Причиной тому – замысловатость постсоветских границ. Цель нашего пути находится на территории Казахстана, но последний десяток километров проходит по киргизскому берегу пограничной речки, возвращаясь в Казахстан только в последний момент. Поэтому по дороге приходится преодолевать две погранзаставы – со всеми вытекающими последствиями в виде виз, пропусков, печатей с подписями и санкций с разрешениями. В прошлом году казахские власти решили закрыть этот пограничный переход, который не работает и по сей день; поэтому хозяин компании и лагеря Казбек Валиев пробил своими силами грунтовку по казахской стороне реки, прямо вдоль новенькой колючей проволоки.

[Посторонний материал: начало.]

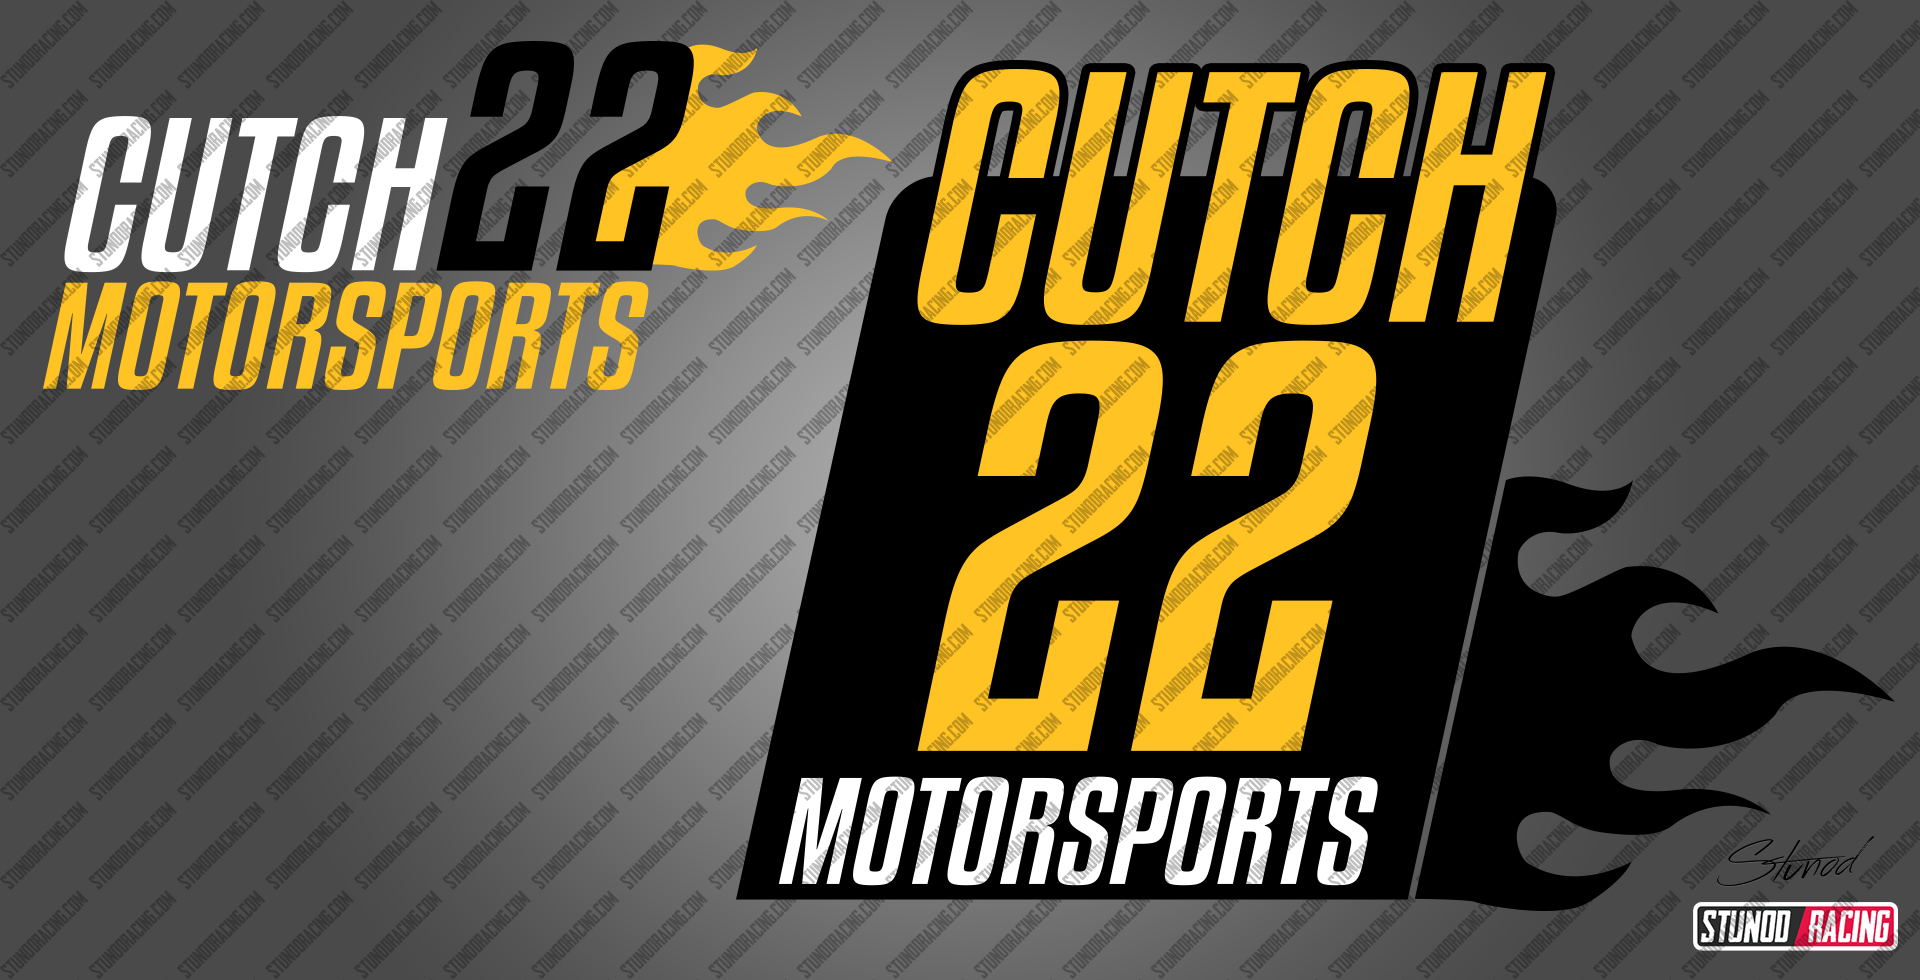 Cutch22Motorsports-Logo.jpg

[i]Граница на замке - справа Киргизия
[/i]

Пройти здесь, правда, могут только внедорожники, но об автомобильных привычках местных жителей я уже писал выше. Наш водитель тоже выделывает немыслимые коленца с джипом, пока не схватывает-таки камень с обочины. Сильный удар по ободу колеса, которое с громким шипением возвещает о случившемся – и мы застреваем – к счастью, всего в полукилометре от конечной точки путешествия. Вскоре нам подвозят набор молодого водителя: зубило и топор, с помощью которых обод довольно быстро принимает первозданную форму;

камера накачивается и машина довозит нас до лагеря, где в рядок стоит уже с десяток серьезных джипов, создавая навязчивое впечатление бандитской сходки в России девяностых годов.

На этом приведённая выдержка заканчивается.